Conrad, Sessions vow to work together for two-year budgeting
Conrad made his strongest statements to date in favor of two-year budgets, saying he now believes the advantages “certainly” outweigh any disadvantages. He said Congress has to admit the annual budget process has failed.
“You know I used to be in the camp of favoring an annual budget,” Conrad said. “But the hard reality is we aren’t doing annual budgets.”
The two committee leaders, who are often at odds, publicly said this year could finally provide the opportunity to fix the broken budget process which has only seen a federal budget agreed to twice in election years over the last 13 years.
Conrad said two-year budgets would allow Congress in even, election years to focus on oversight functions.

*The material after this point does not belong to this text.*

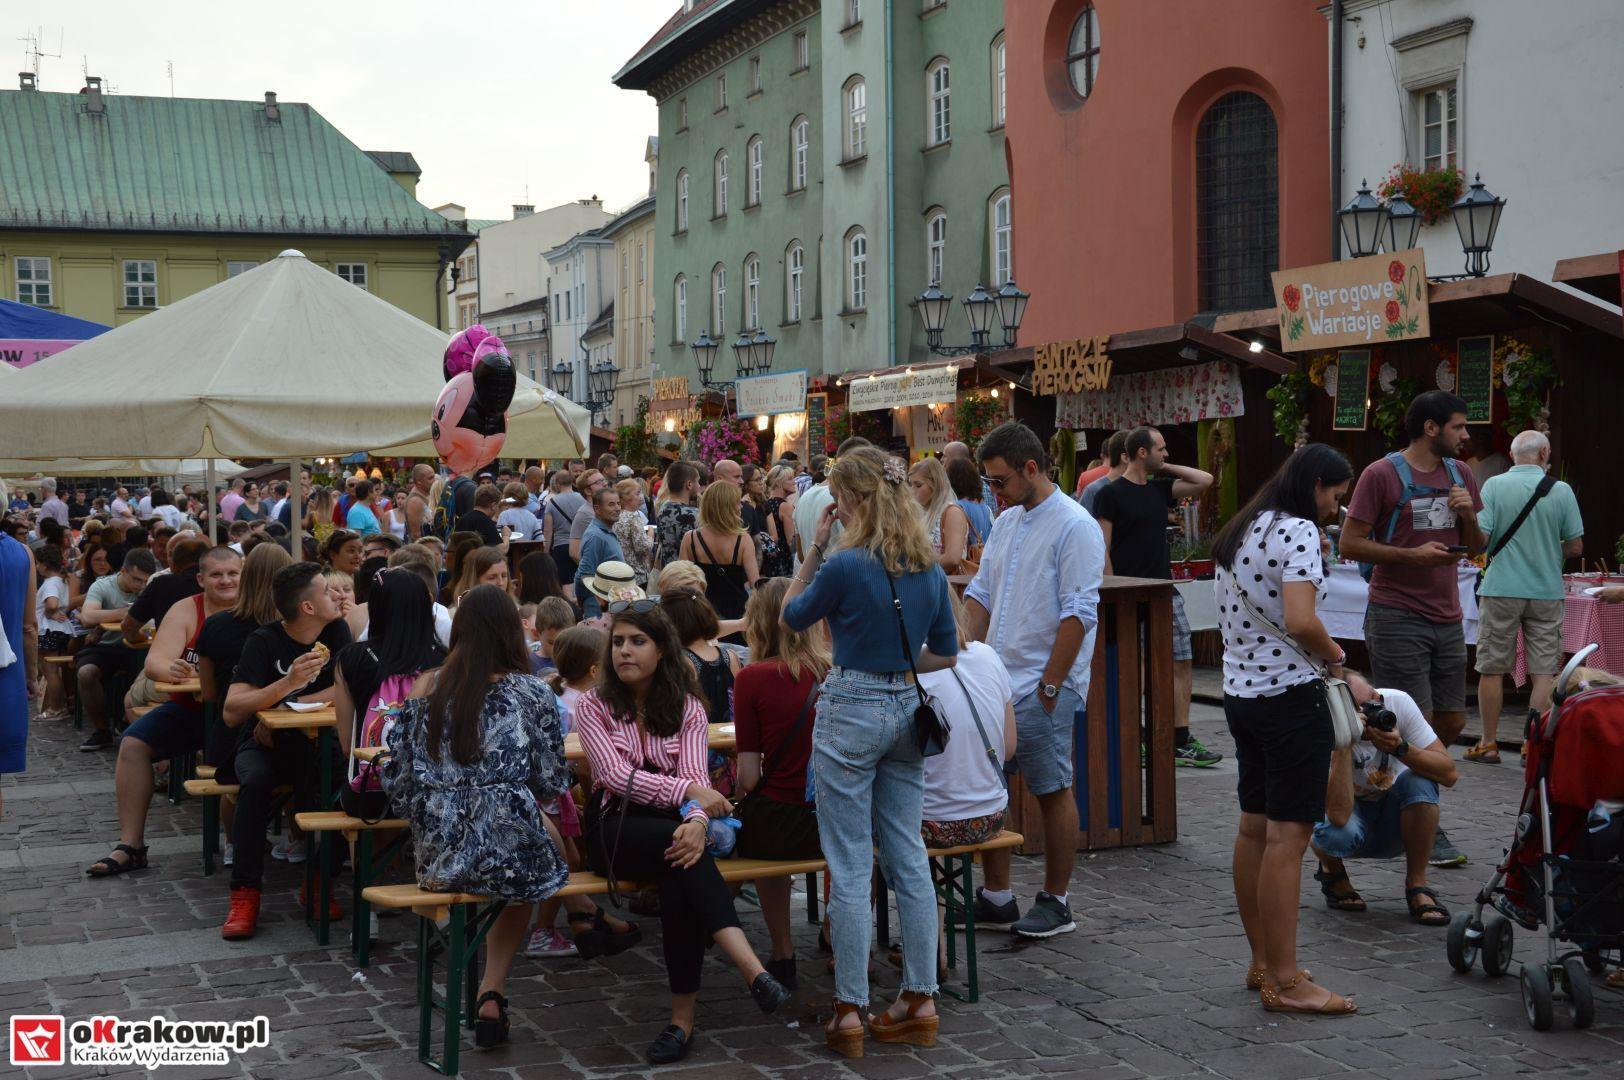 krakow festiwal pierogow maly rynek koncert cheap tobacco 43 150x150 - Galeria zdjęć Festiwal Pierogów Kraków 2018 + zdjęcia z koncertu Cheap Tobacco
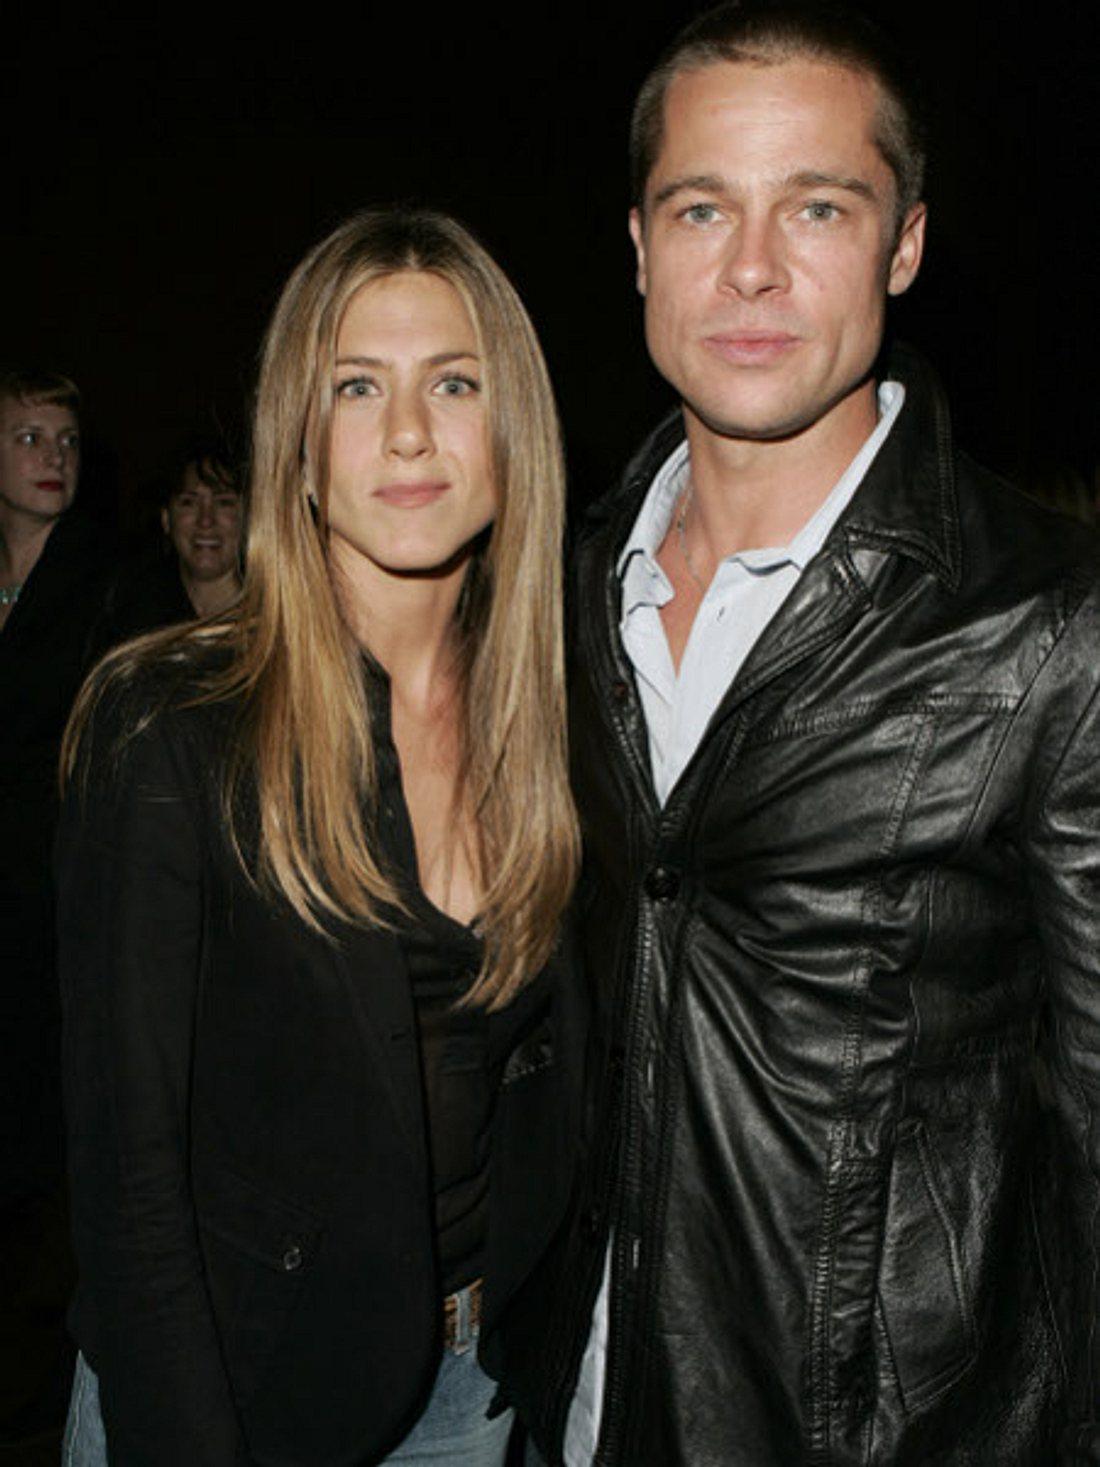 Das Liebeskarussell der Hollywood-StarsAber auch Jennifer Anistons Liebhaber-Liste ist nicht gerade kurz: Vier jahre lang war die Schauspielerin mit Brad Pitt (48) verheiratet, bevor der sie 2004 wegen einer anderen verließ...

A key hurdle to reform would be reaching a deal to limit the number and types of amendments that can be offered to the budget resolution. The current process, nicknamed “vote-o-rama” in the Senate, allows unlimited amendments and can yield to dozens of time-consuming budget amendments.
Conrad said “vote-o-rama” demeans the Senate and that the offering of nongermane amendments, such as on gun rights and Guantanamo Bay, bog down the process.
Sessions however said that the minority GOP is already frustrated with limitations on amendments and would not likely back strict limits on budget amendments.
There is “more resistance to tightening up the budget amendment process for that reason,” he said.
The deficit supercommittee, created by this summer’s debt deal, has the opportunity to put a budget plan before Congress for an up-or-down vote by the end of the year and supporters of biennial budgeting see that as a chance to make the change.